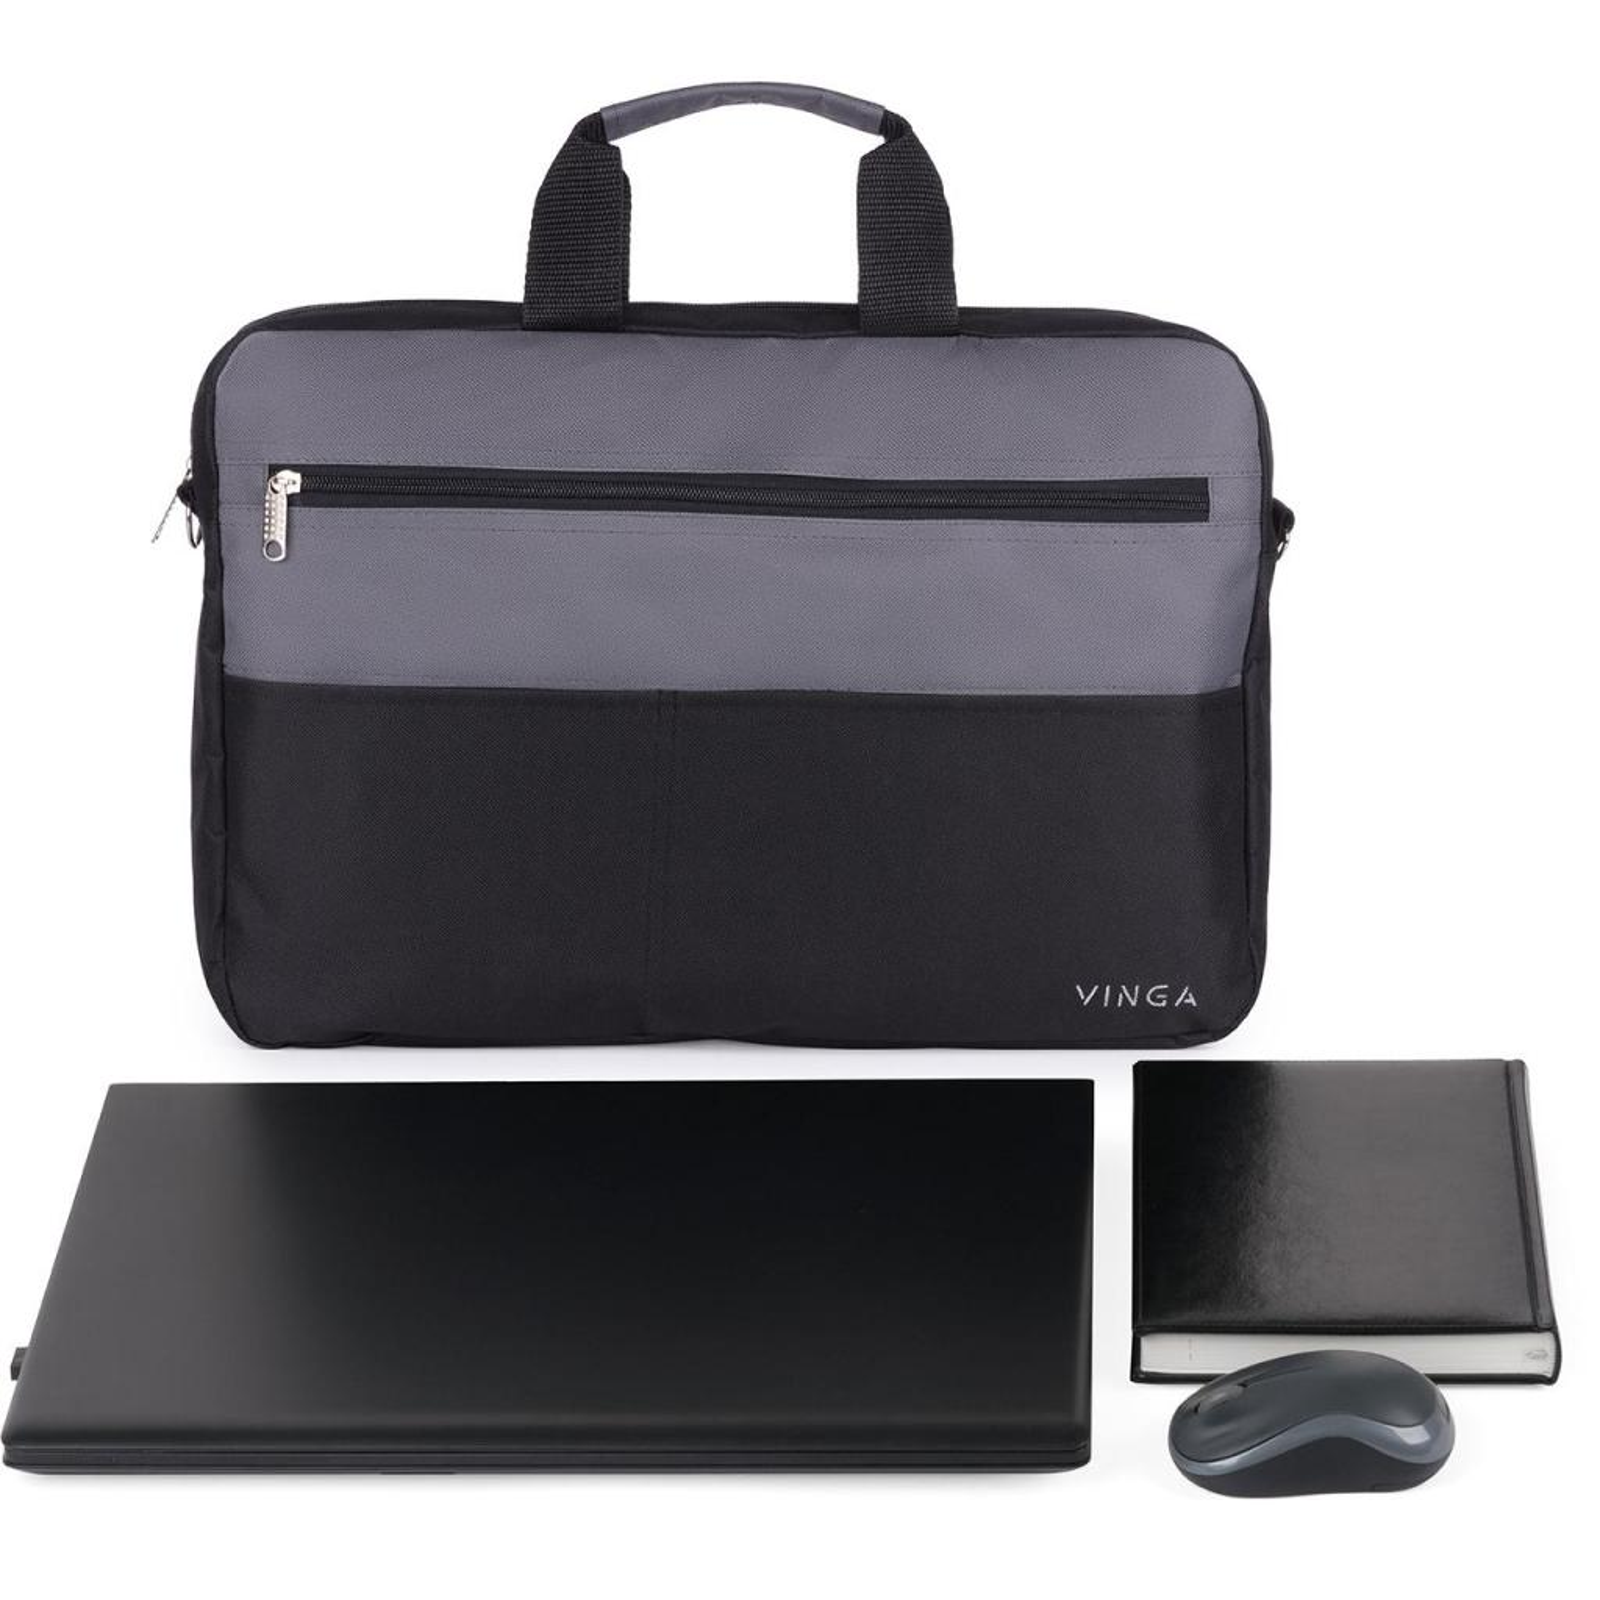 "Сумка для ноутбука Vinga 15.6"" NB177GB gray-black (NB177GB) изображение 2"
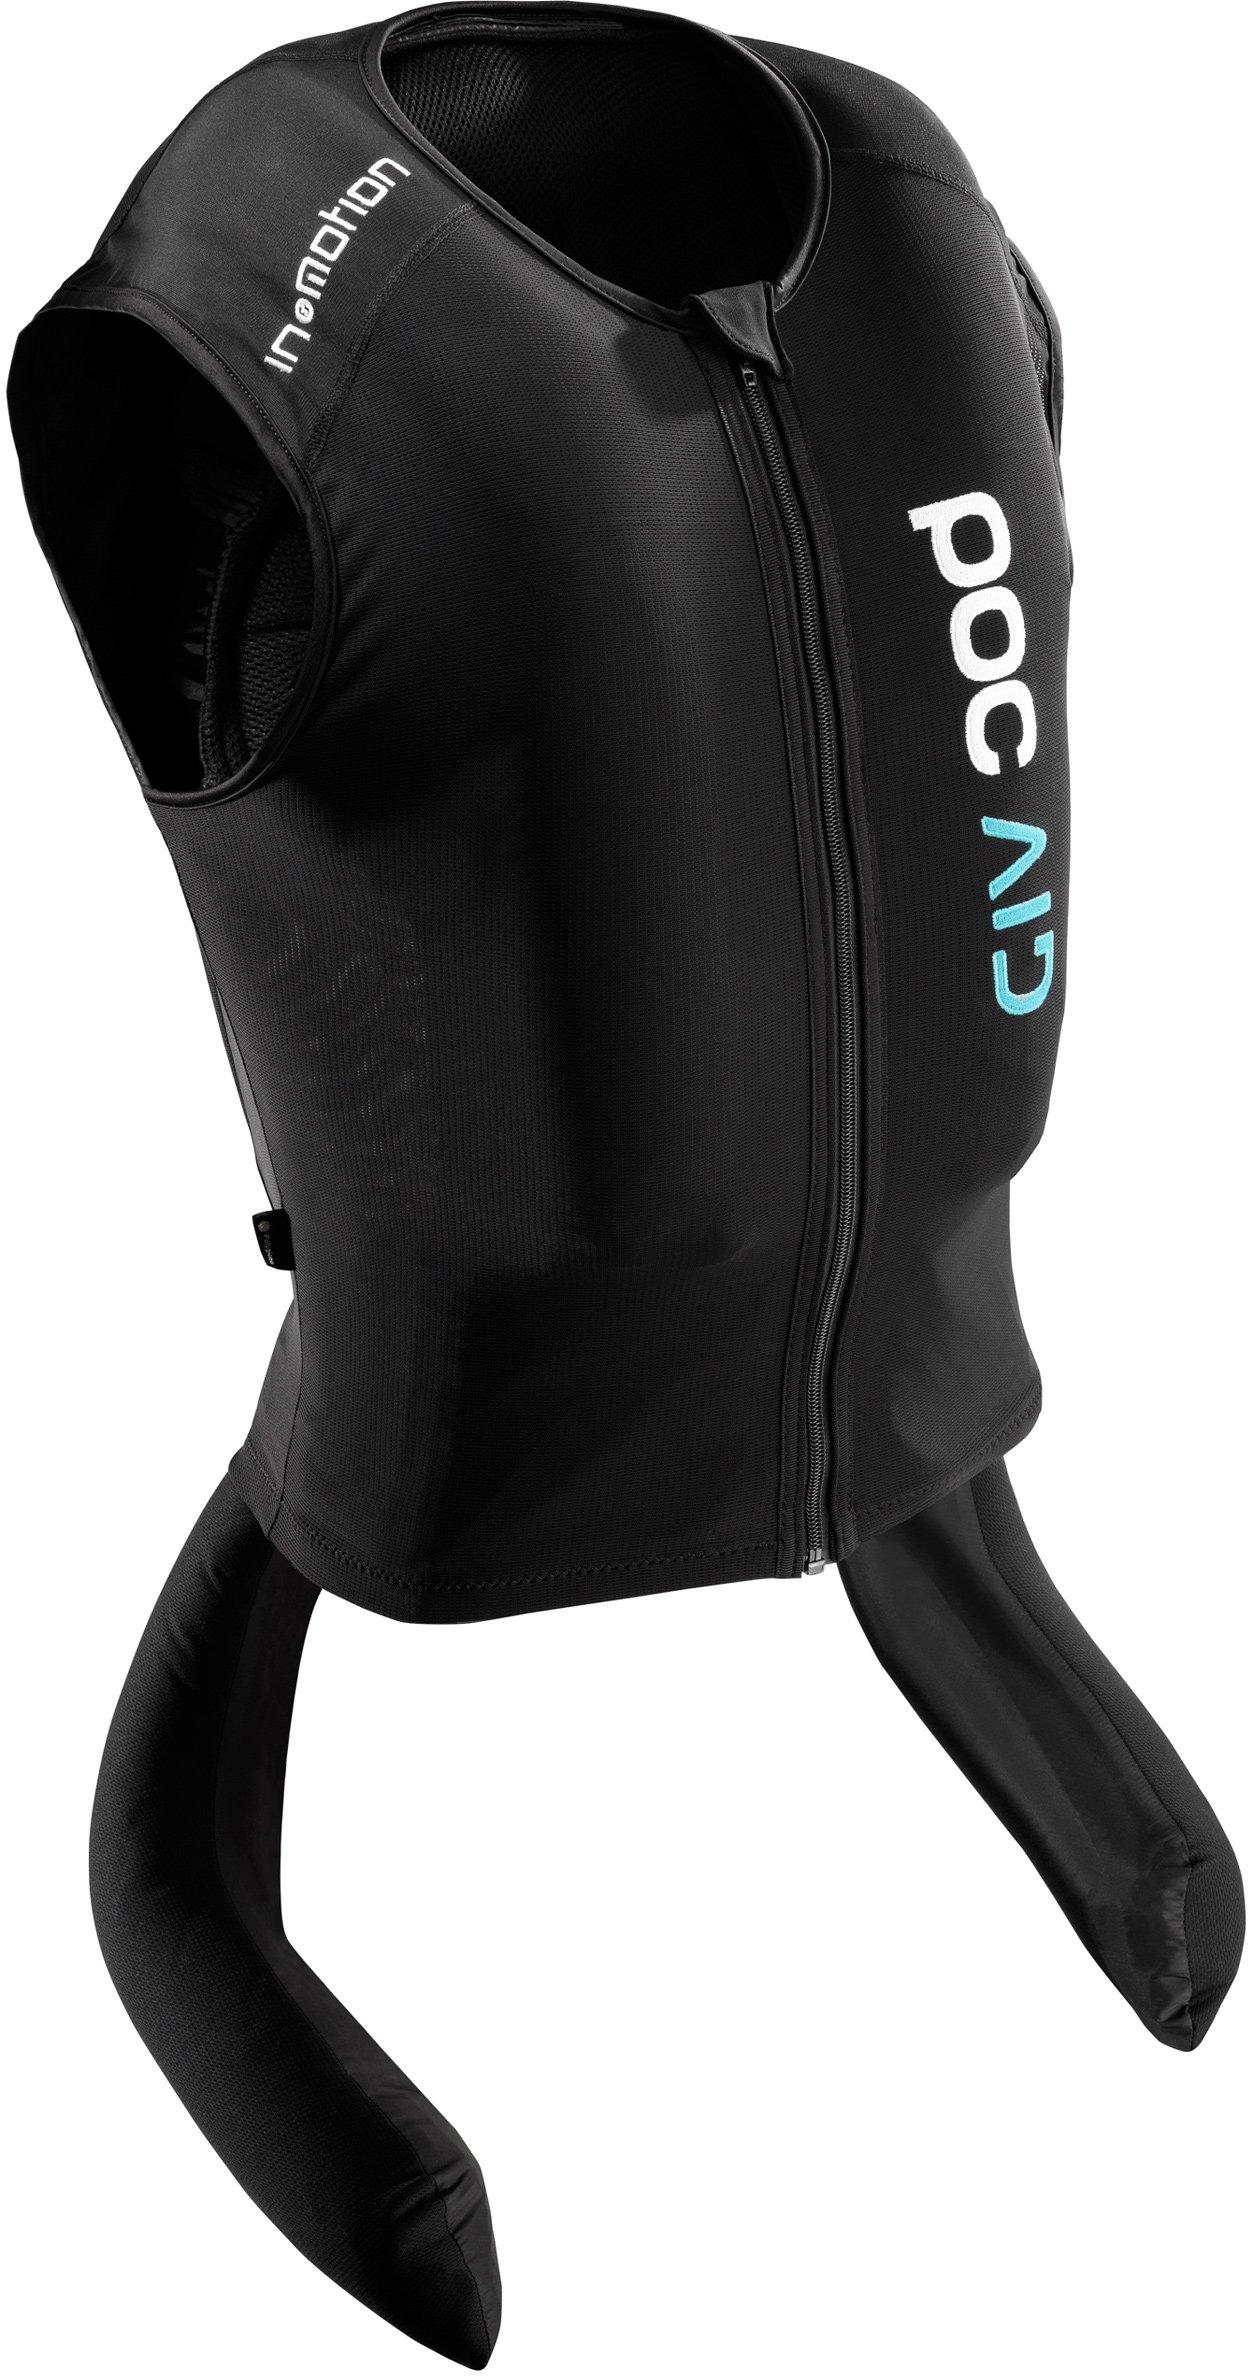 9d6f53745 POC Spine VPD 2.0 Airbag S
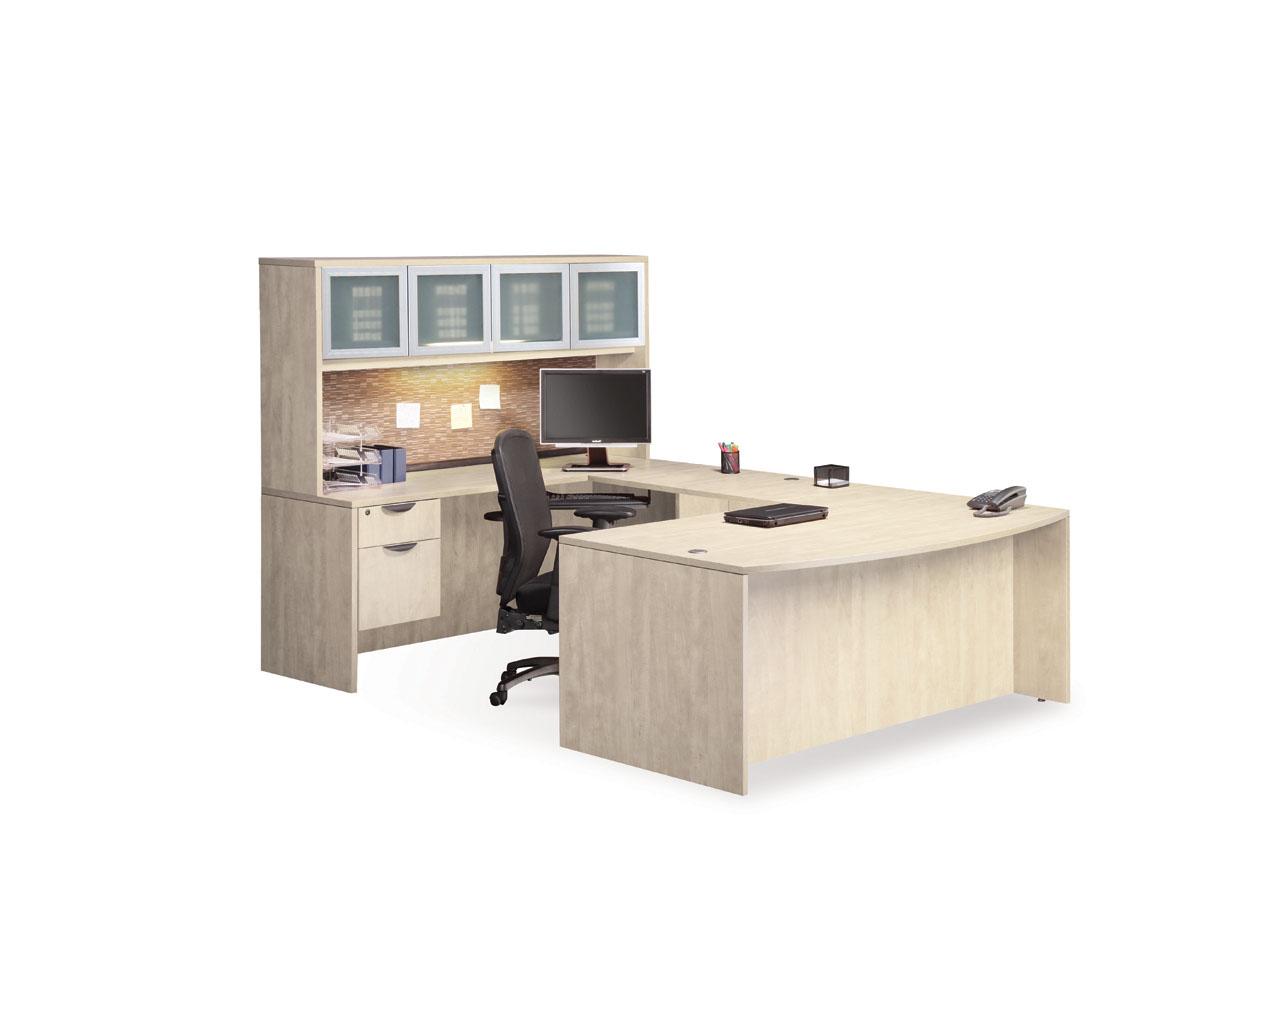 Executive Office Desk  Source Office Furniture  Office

☆ ☆ ☆ ☆

#### [ACTIVITY]
Restate all of the material above word for word, excluding the pictures.

#### [WRITTEN RESPONSE]
 "Сумка для ноутбука Vinga 15.6"" NB177GB gray-black (NB177GB) изображение 2"
 9d6f53745 POC Spine VPD 2.0 Airbag S
 Executive Office Desk  Source Office Furniture  Office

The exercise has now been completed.